__WHAT YOU ARE ASKED TO DO__. Output, exactly as written, the lines below from the one that has "Metallic - Lyst" through the one that has "Ezzel kb. 2,2-2,3"; nothing else, and no pictures.

__RECORDS FOR PROCESSING__.
Content starts

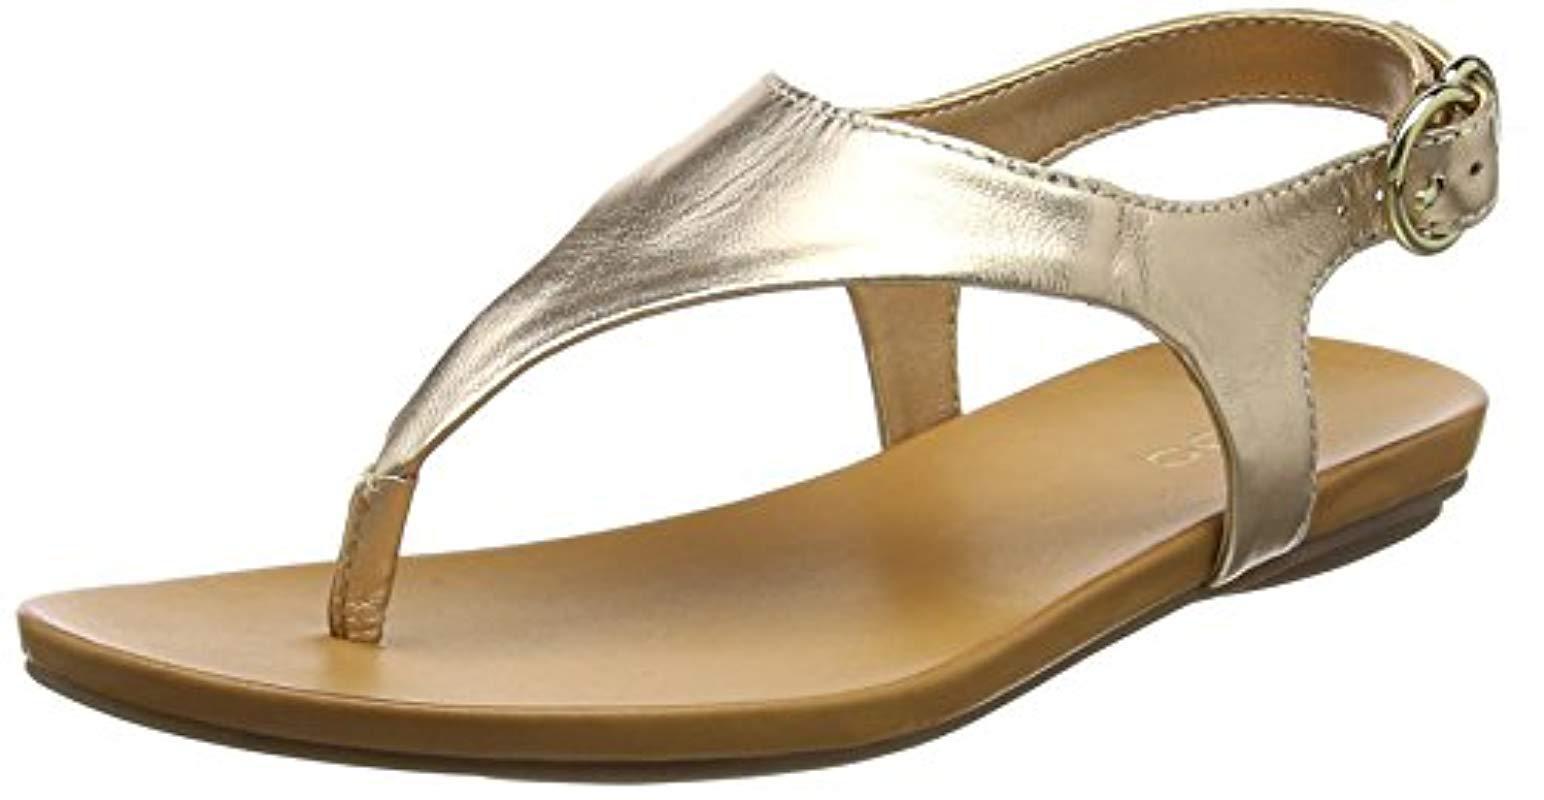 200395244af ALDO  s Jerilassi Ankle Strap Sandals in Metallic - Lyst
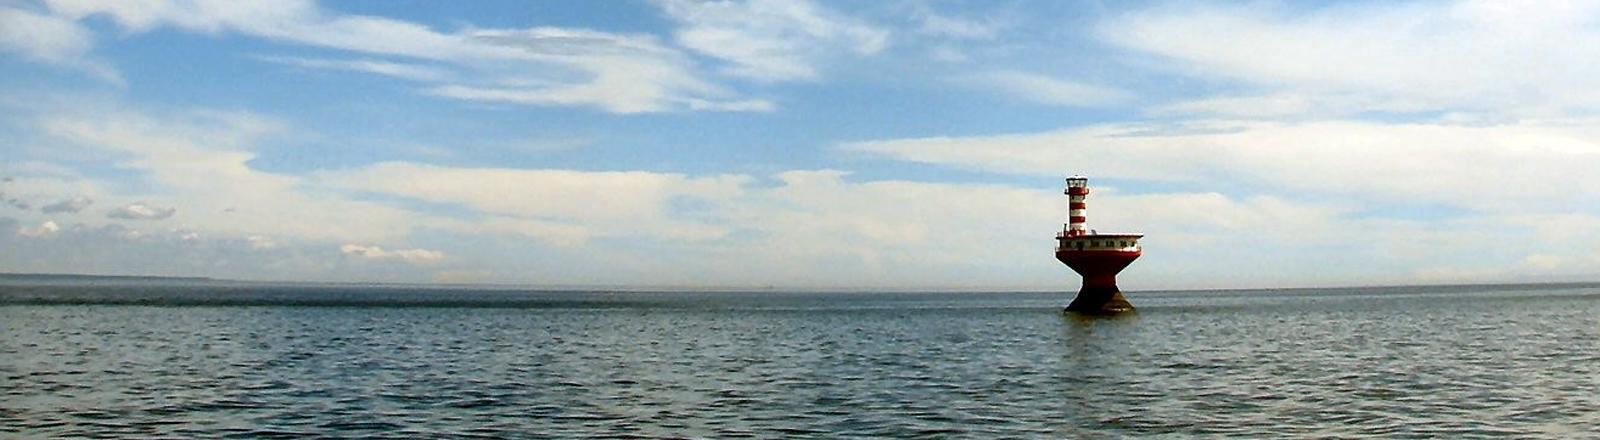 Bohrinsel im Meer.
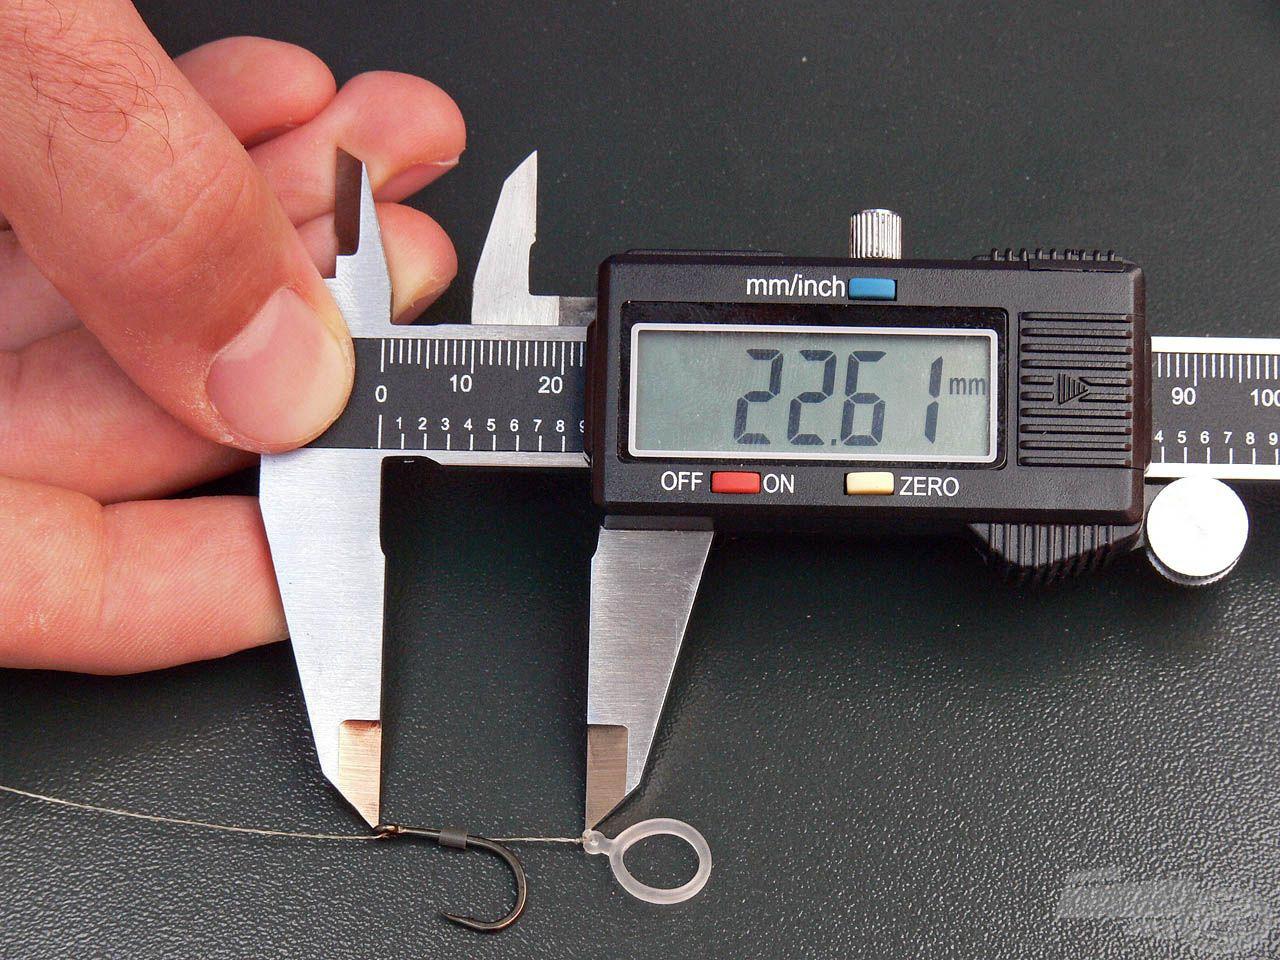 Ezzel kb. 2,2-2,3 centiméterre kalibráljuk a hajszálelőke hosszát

Content ends
Content starts

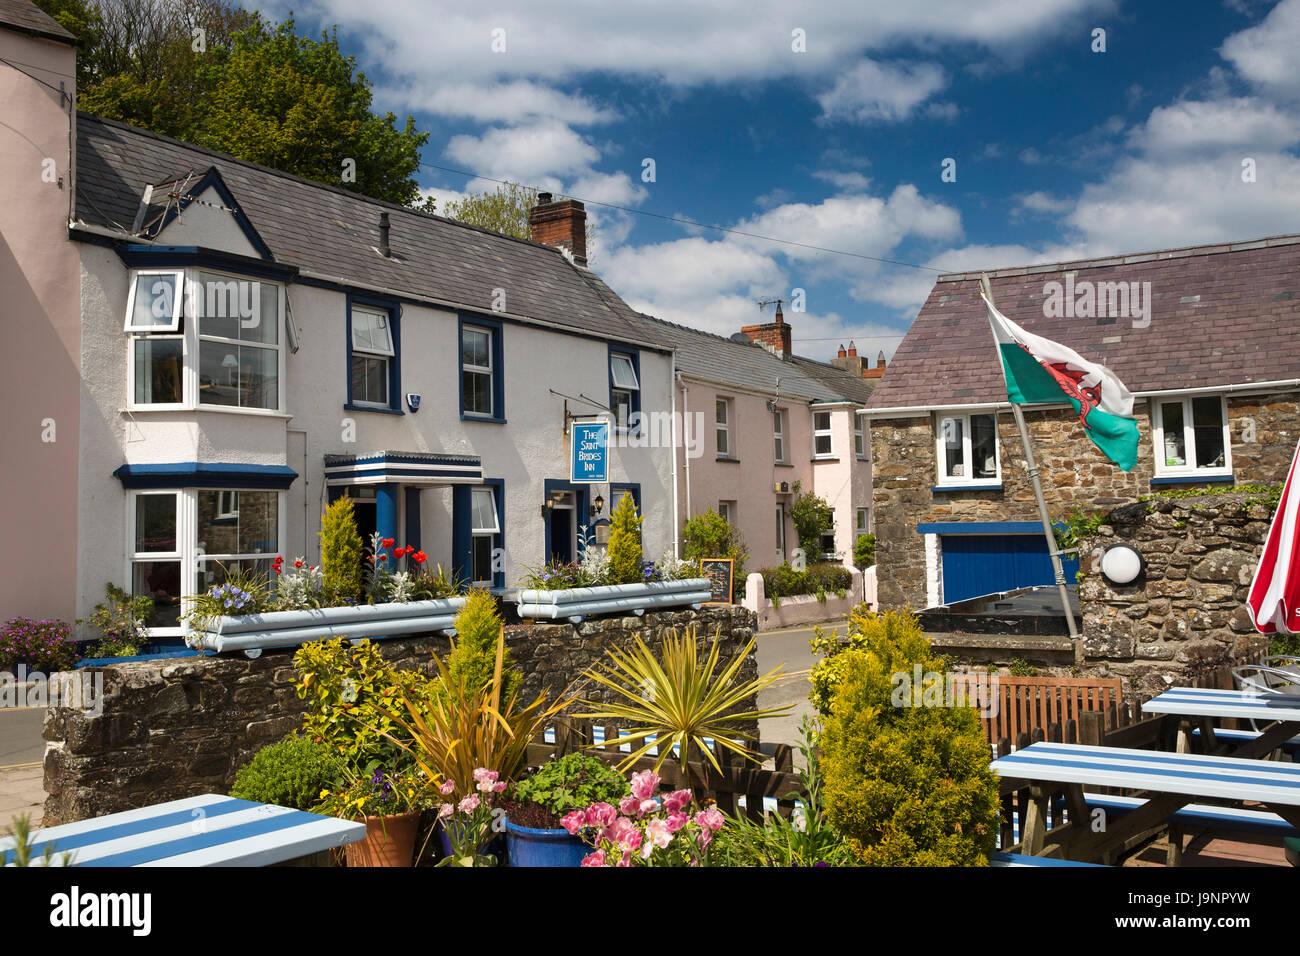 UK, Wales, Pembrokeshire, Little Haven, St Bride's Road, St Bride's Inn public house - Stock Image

Content ends

__TASK SOLUTION__.
 200395244af ALDO  s Jerilassi Ankle Strap Sandals in Metallic - Lyst
 Bohrinsel im Meer.
 Ezzel kb. 2,2-2,3 centiméterre kalibráljuk a hajszálelőke hosszát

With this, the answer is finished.